▸ **Task inputs**:
┌────────
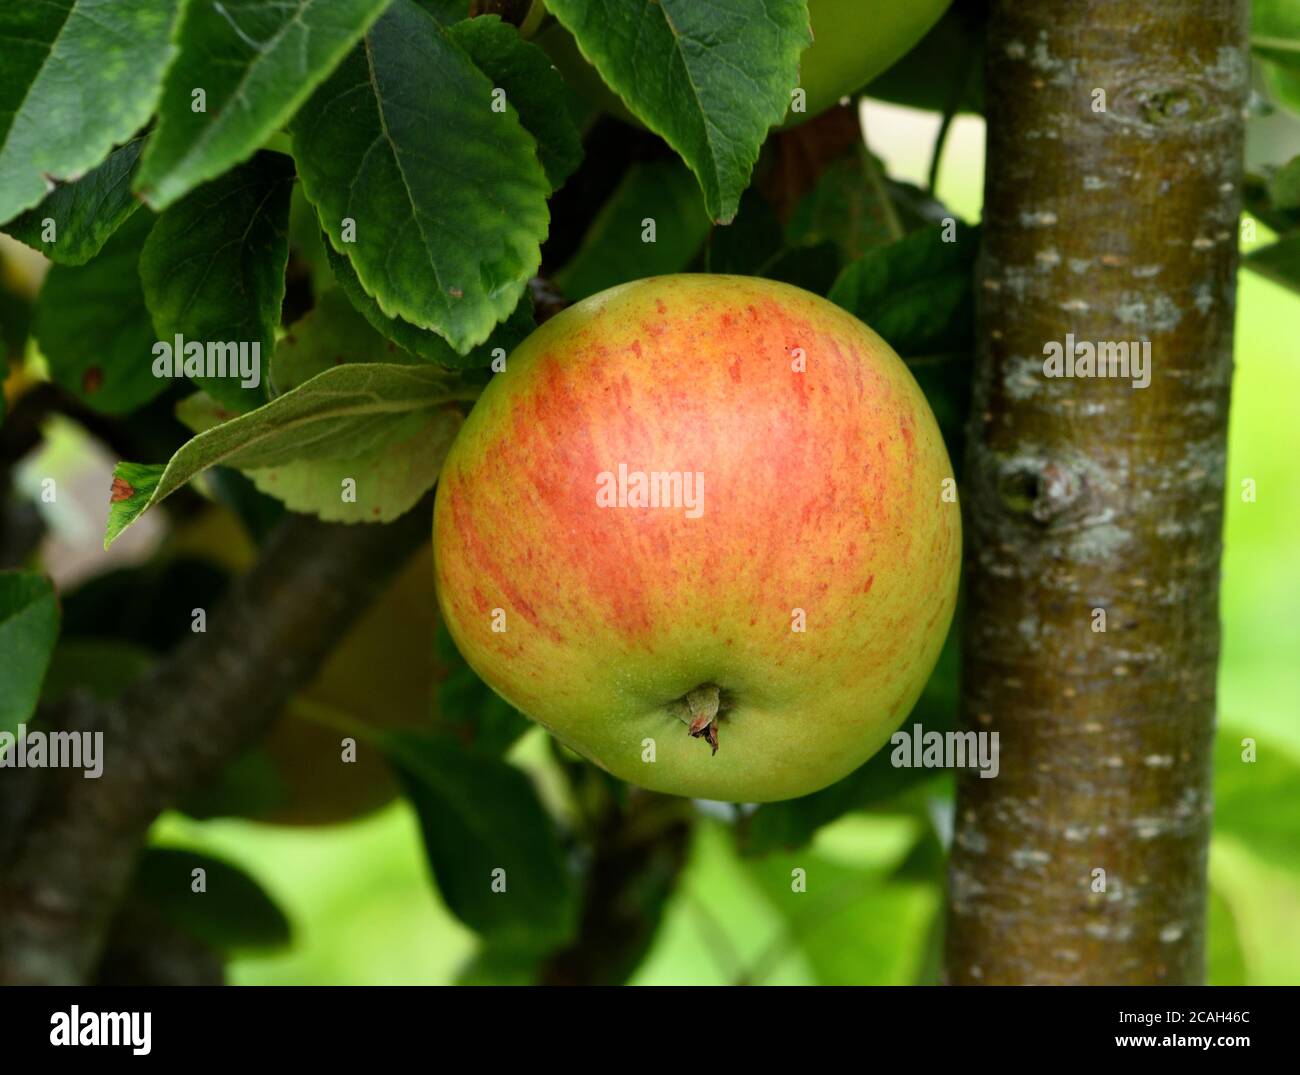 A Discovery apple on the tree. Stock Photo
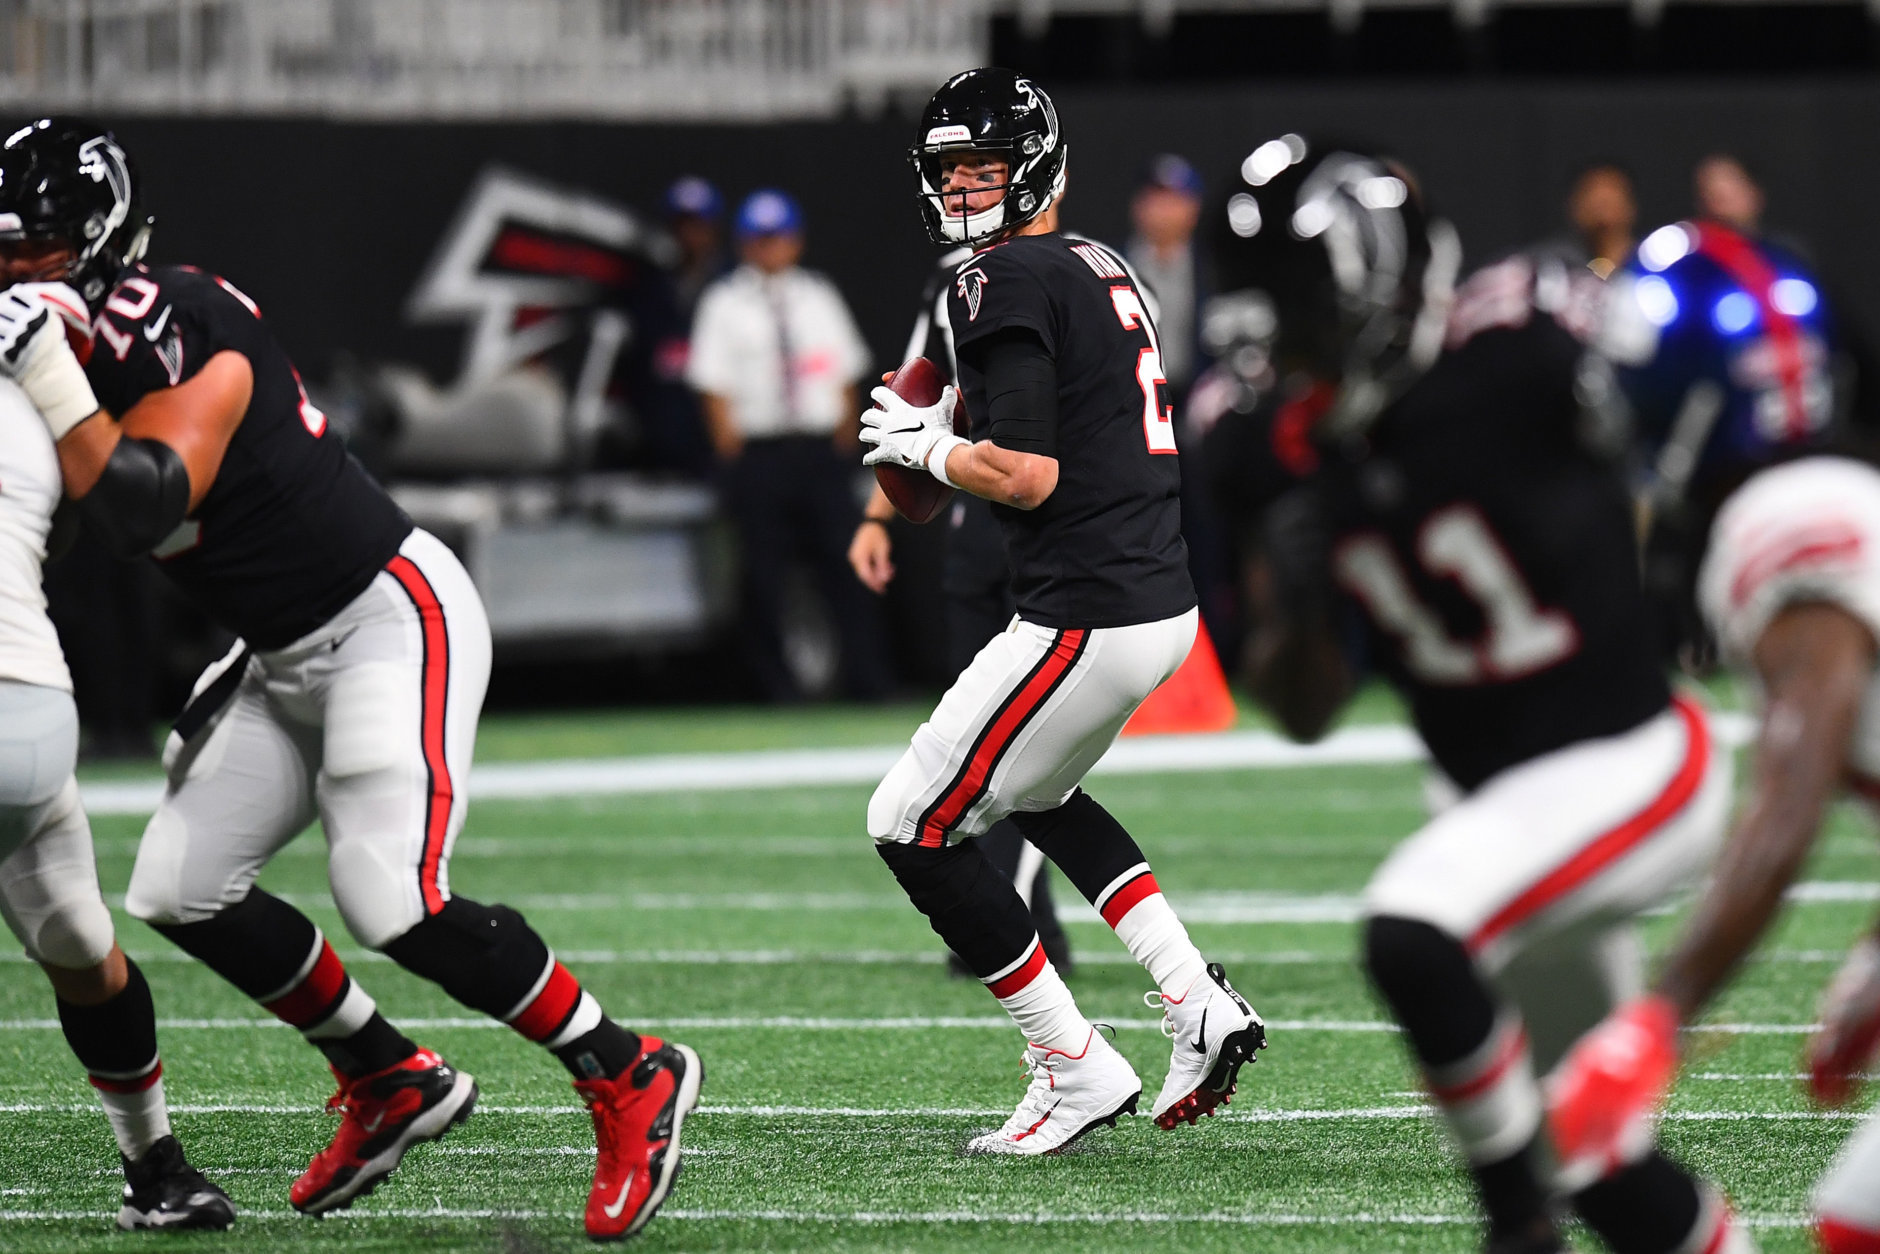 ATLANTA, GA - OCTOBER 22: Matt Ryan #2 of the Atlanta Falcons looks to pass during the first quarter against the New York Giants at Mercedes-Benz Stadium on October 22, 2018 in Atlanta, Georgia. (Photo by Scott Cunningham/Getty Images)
└────────
┌────────
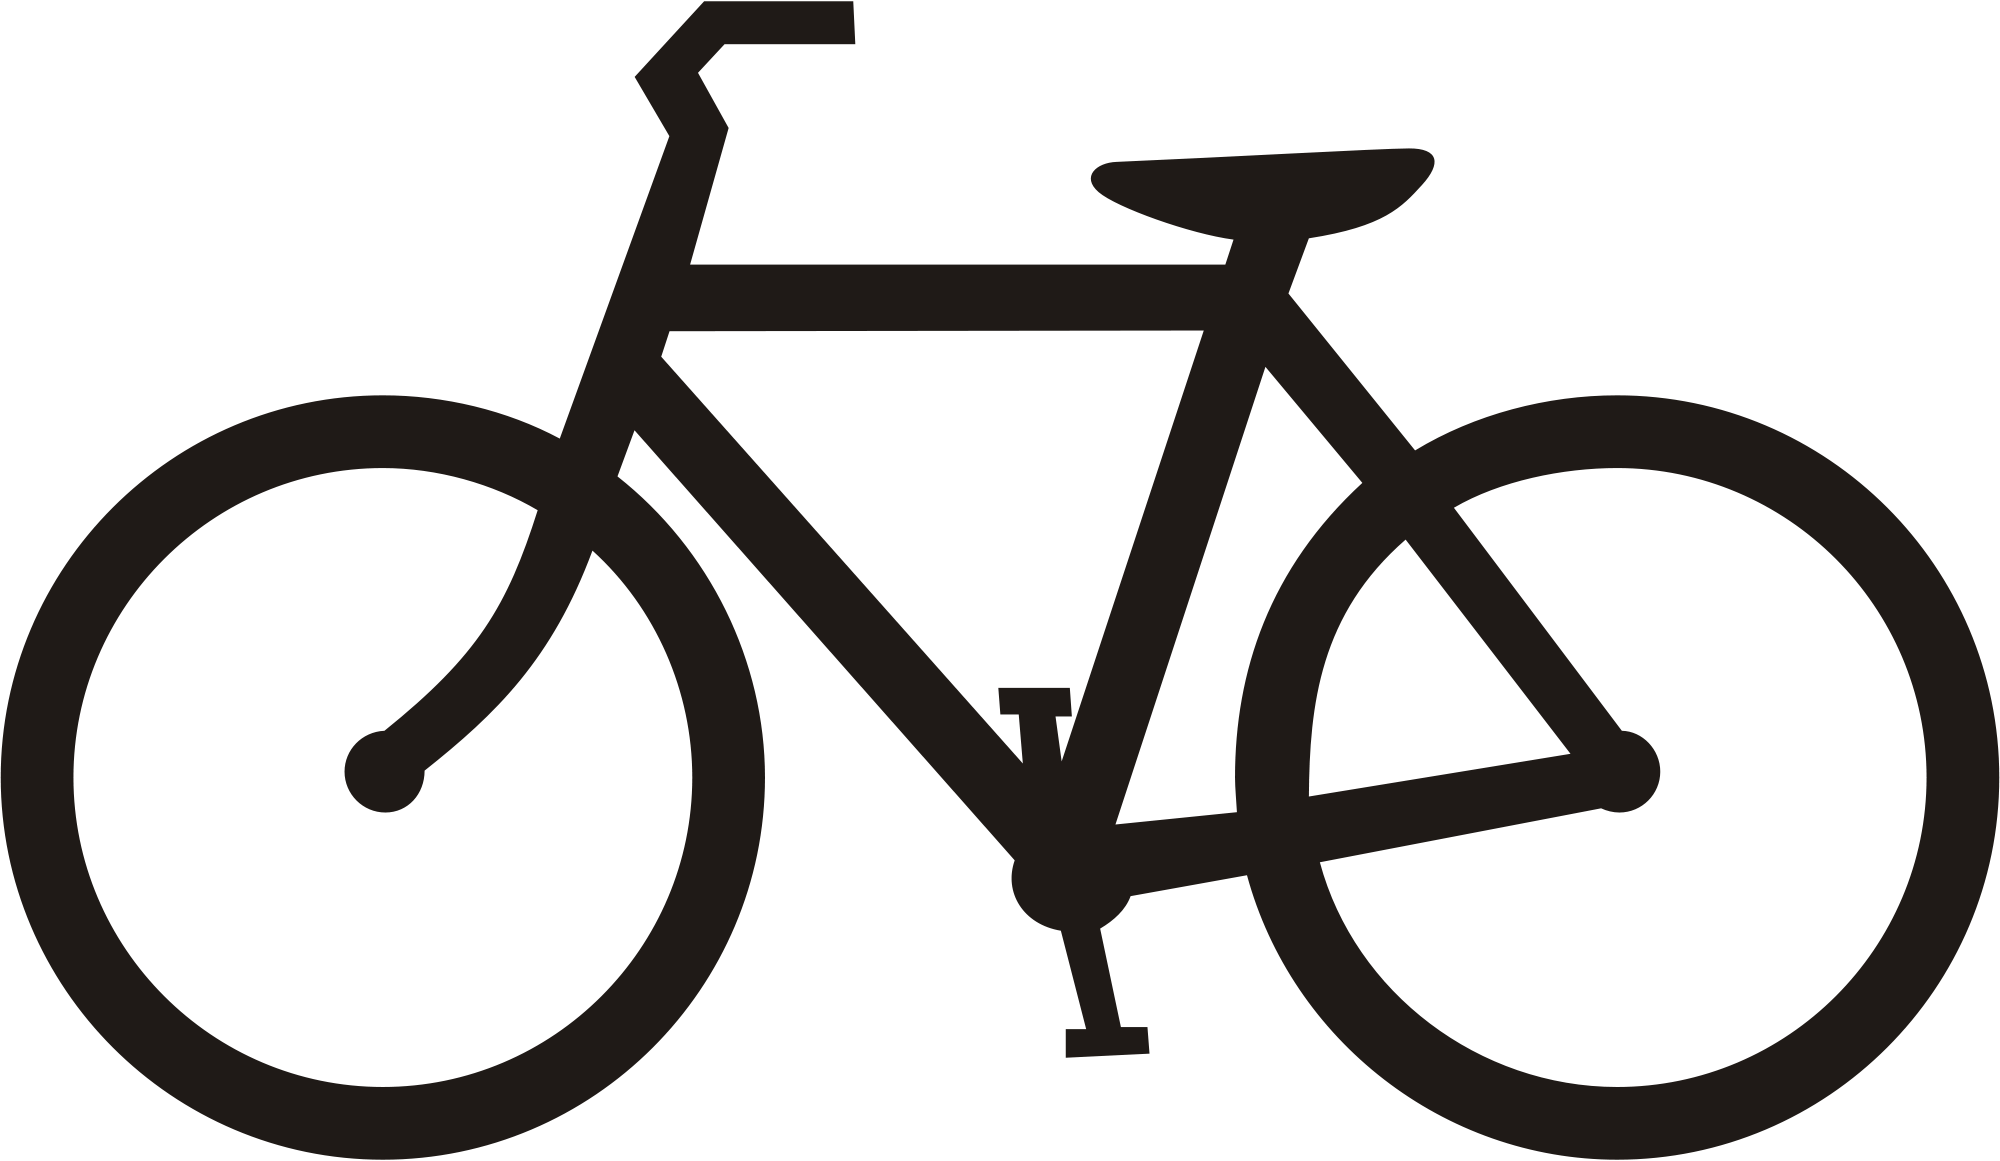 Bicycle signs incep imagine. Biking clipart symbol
└────────
▸ **Brief**:
For the material above, give again only the lines starting at the line that contains "A Discovery apple on the tree. Stock Photo" and ending at the line that contains "ATLANTA, GA - OCTOBER". Pictures do not belong in the copy.

▸ **Expected output**:
 A Discovery apple on the tree. Stock Photo
 ATLANTA, GA - OCTOBER 22: Matt Ryan #2 of the Atlanta Falcons looks to pass during the first quarter against the New York Giants at Mercedes-Benz Stadium on October 22, 2018 in Atlanta, Georgia. (Photo by Scott Cunningham/Getty Images)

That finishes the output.